--- DATA BLOCK ---
__________________________________________________

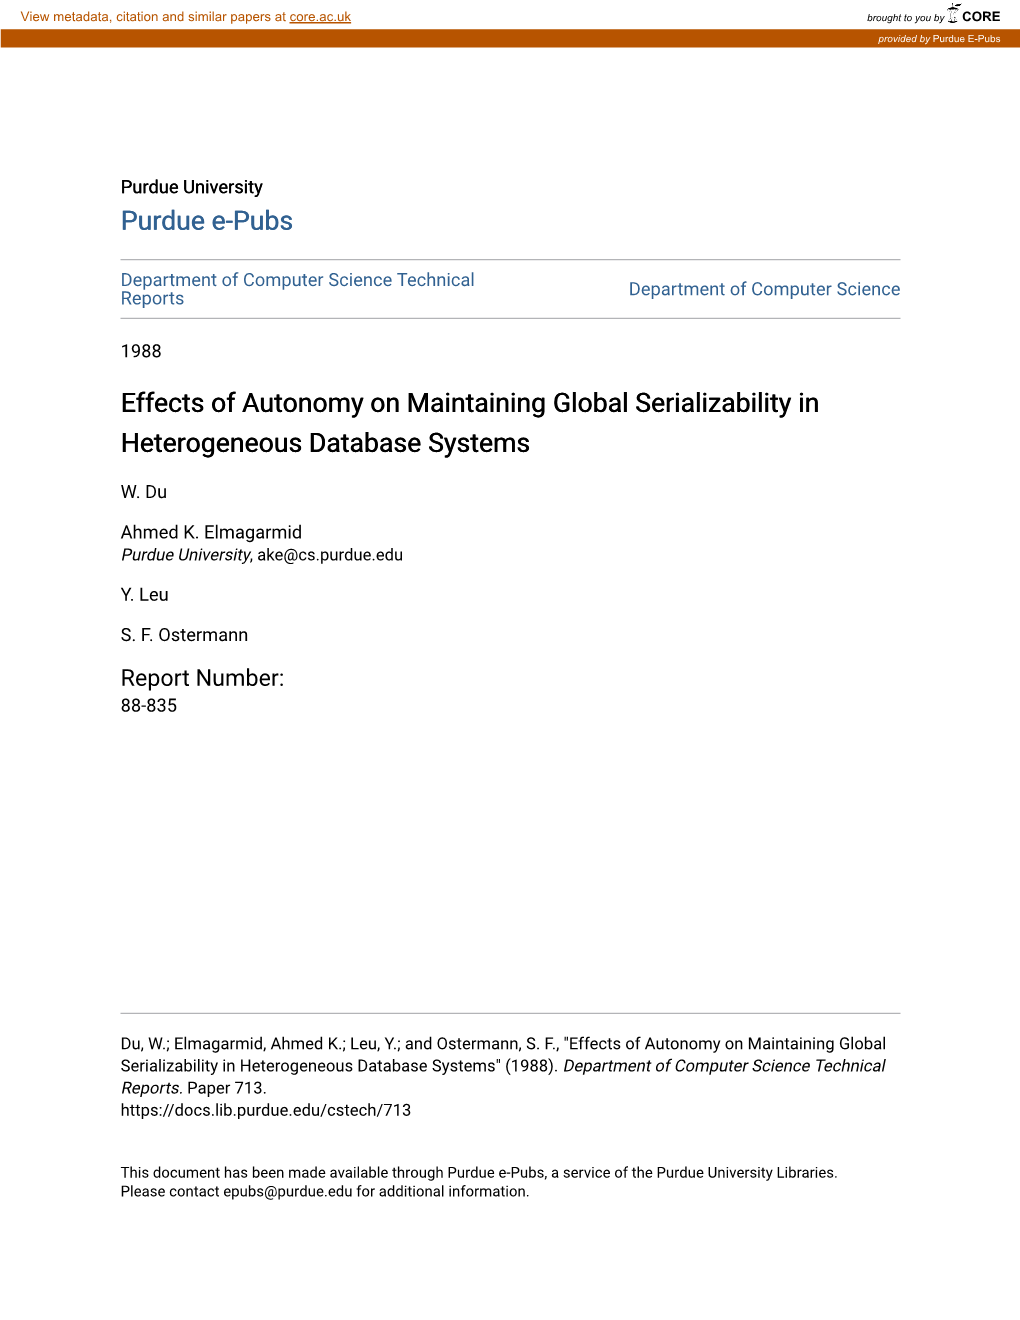 Effects of Autonomy on Maintaining Global Serializability in Heterogeneous Database Systems
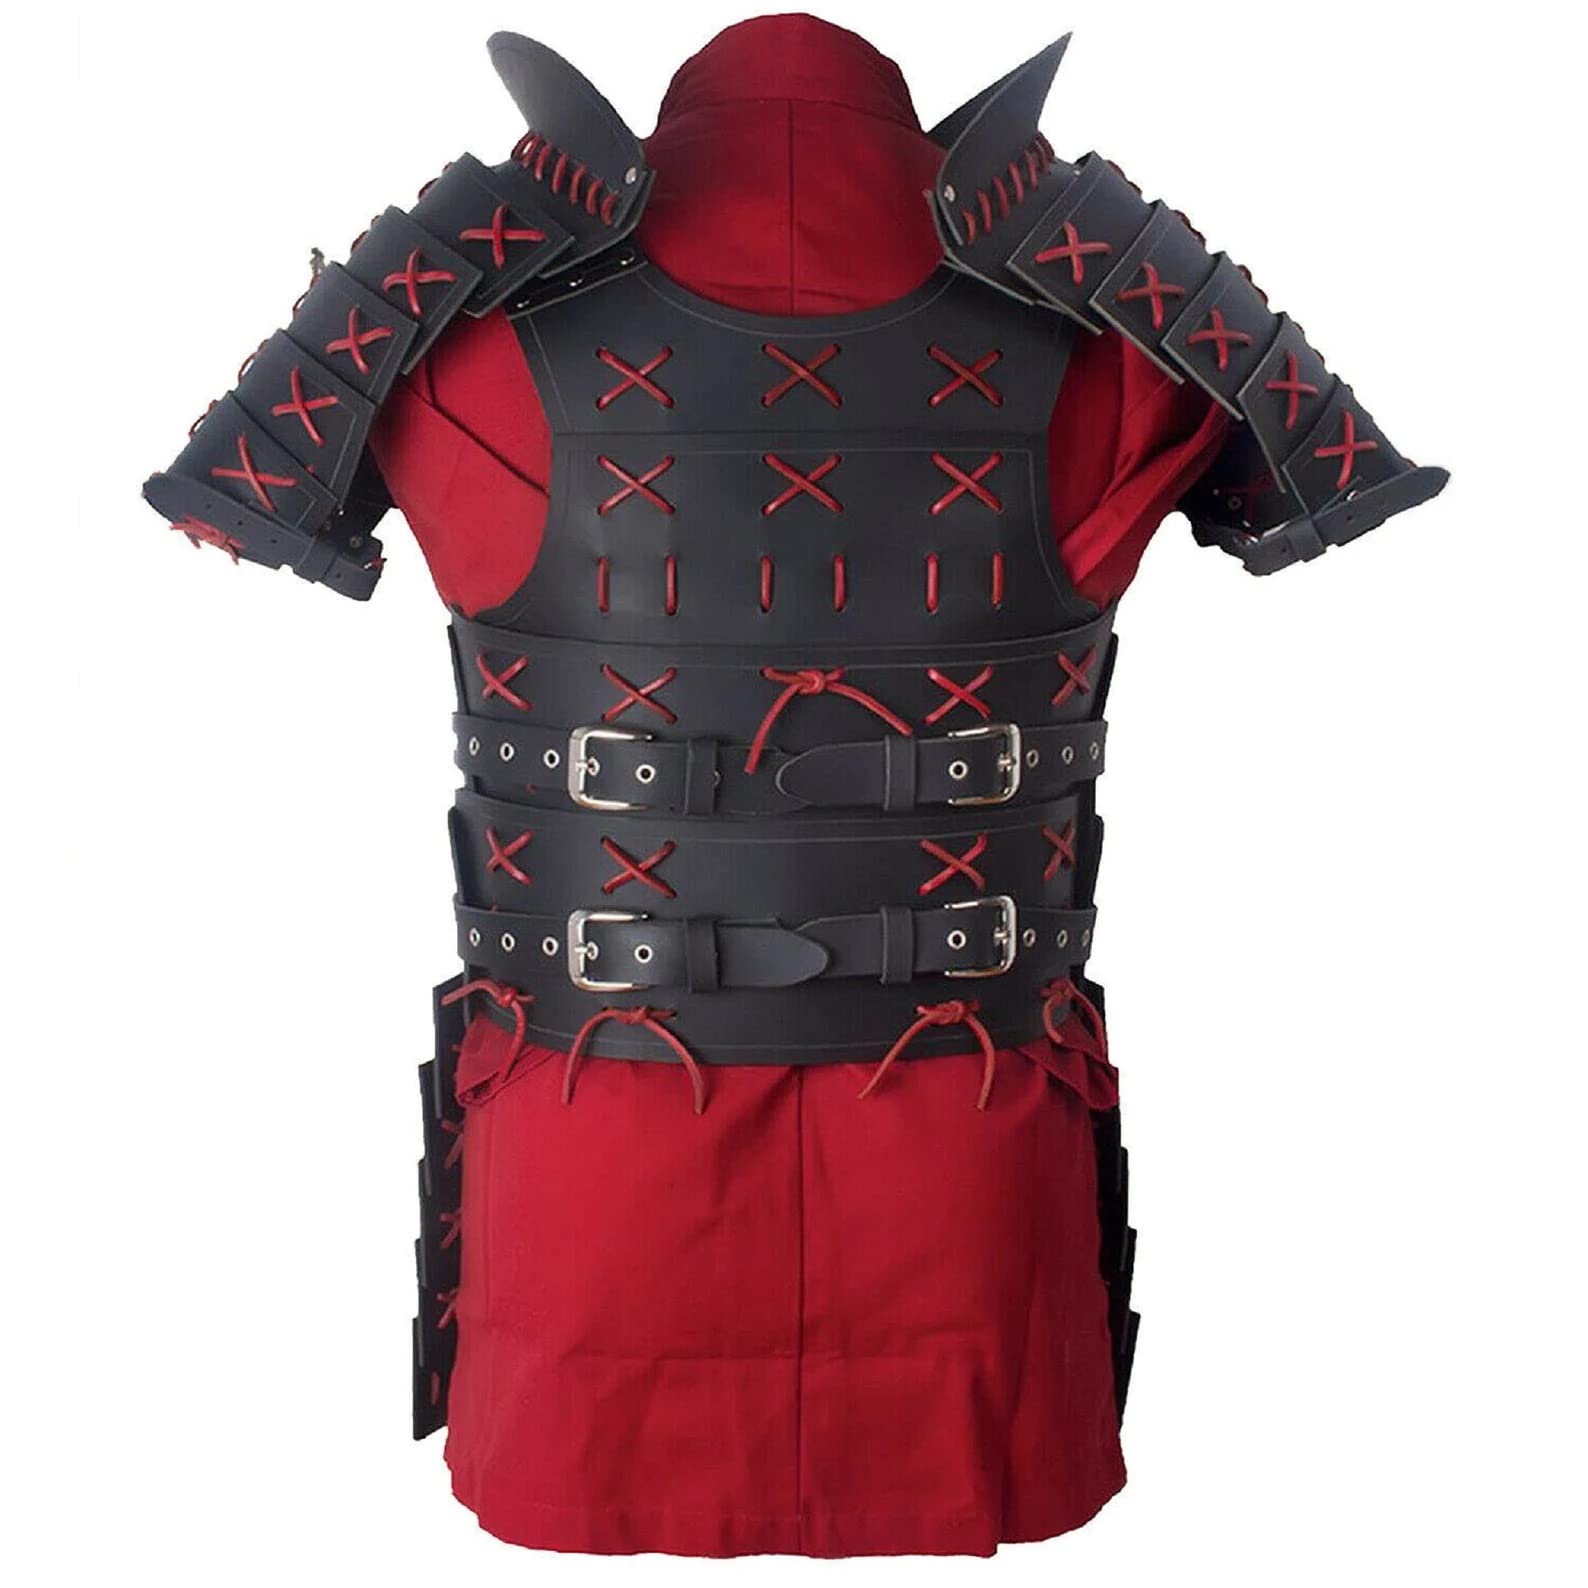 Medieval leather Samurai Armor - Leather Armor for LARP and Cosplay
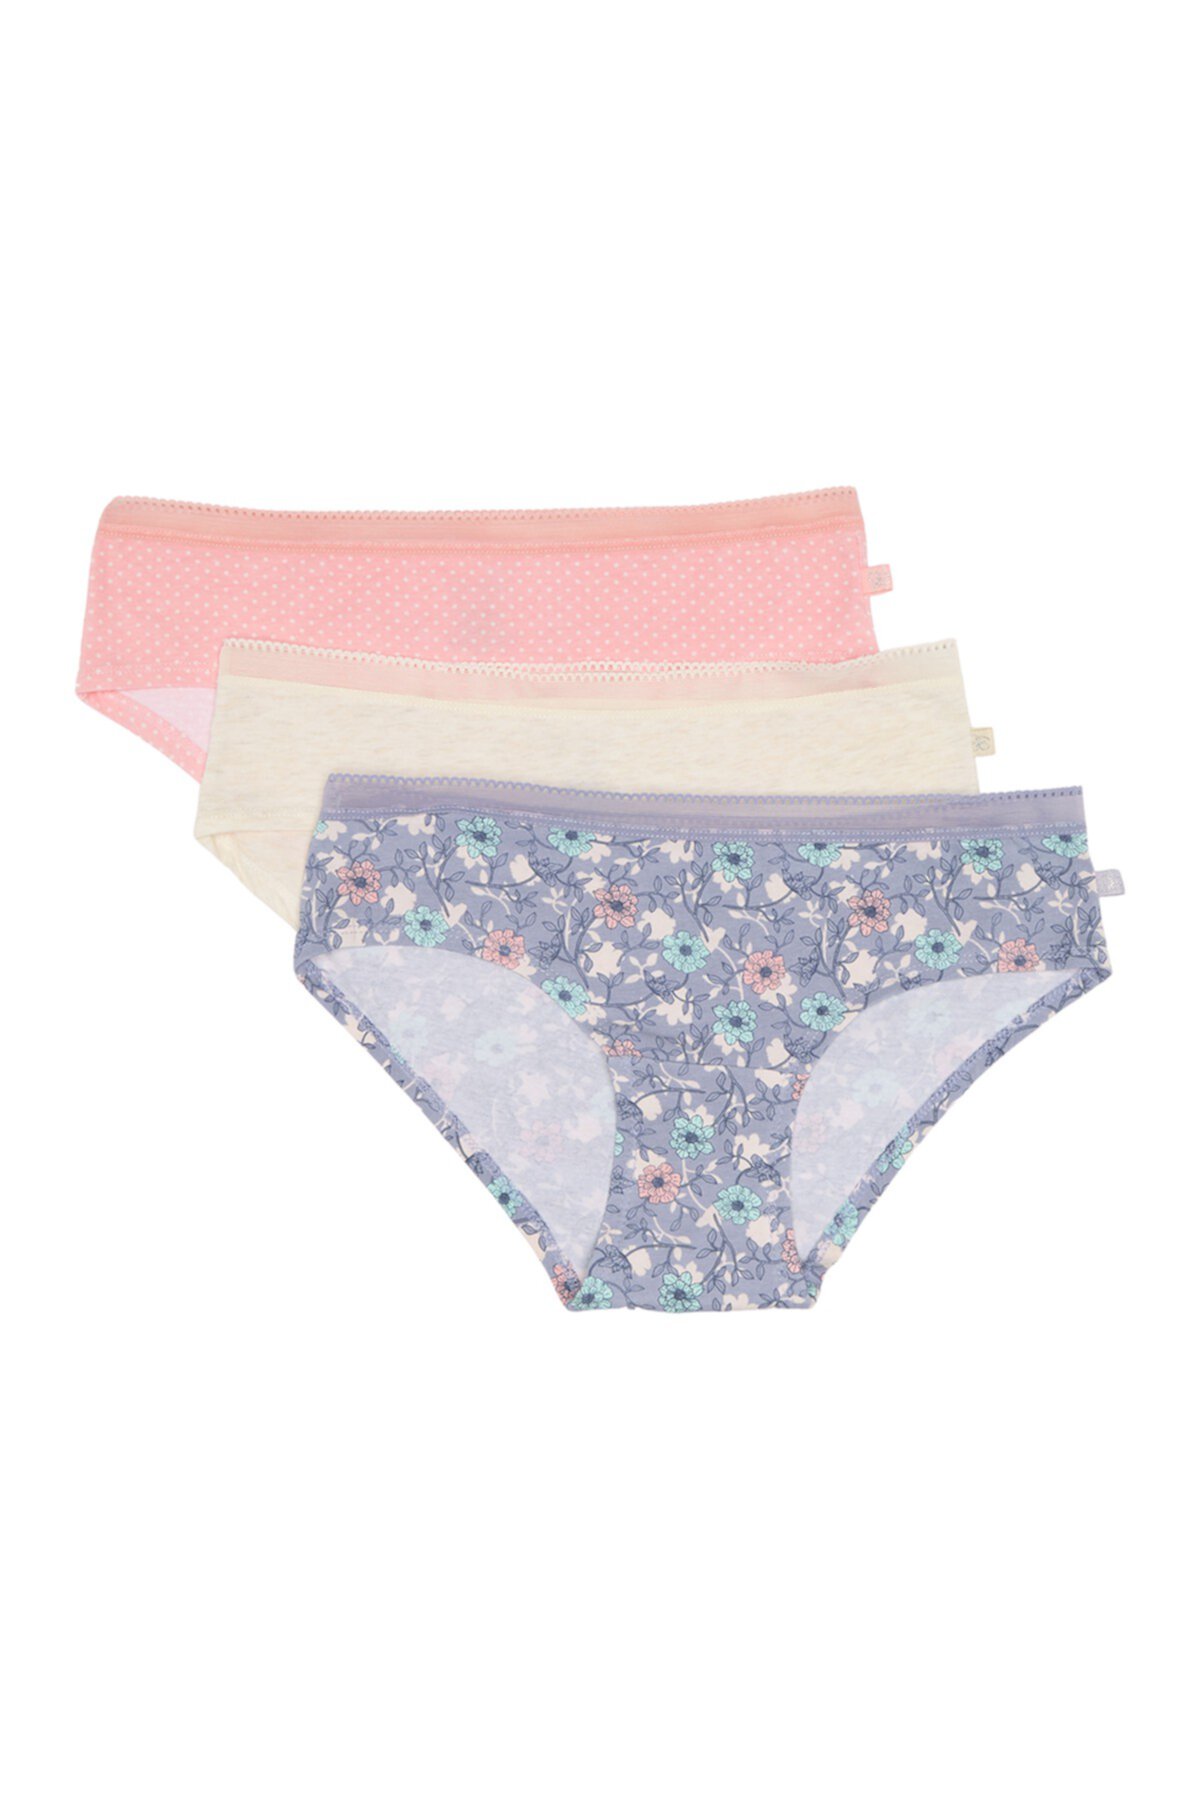 Stretch Cotton Hipster - Pack of 3 Jessica Simpson

__________________________________________________

--- WORK INSTRUCTIONS ---
Reproduce all of the material exactly, apart from the pictures.

--- SOLUTION TO THE PROBLEM ---
 Effects of Autonomy on Maintaining Global Serializability in Heterogeneous Database Systems
 Medieval leather Samurai Armor - Leather Armor for LARP and Cosplay
 Stretch Cotton Hipster - Pack of 3 Jessica Simpson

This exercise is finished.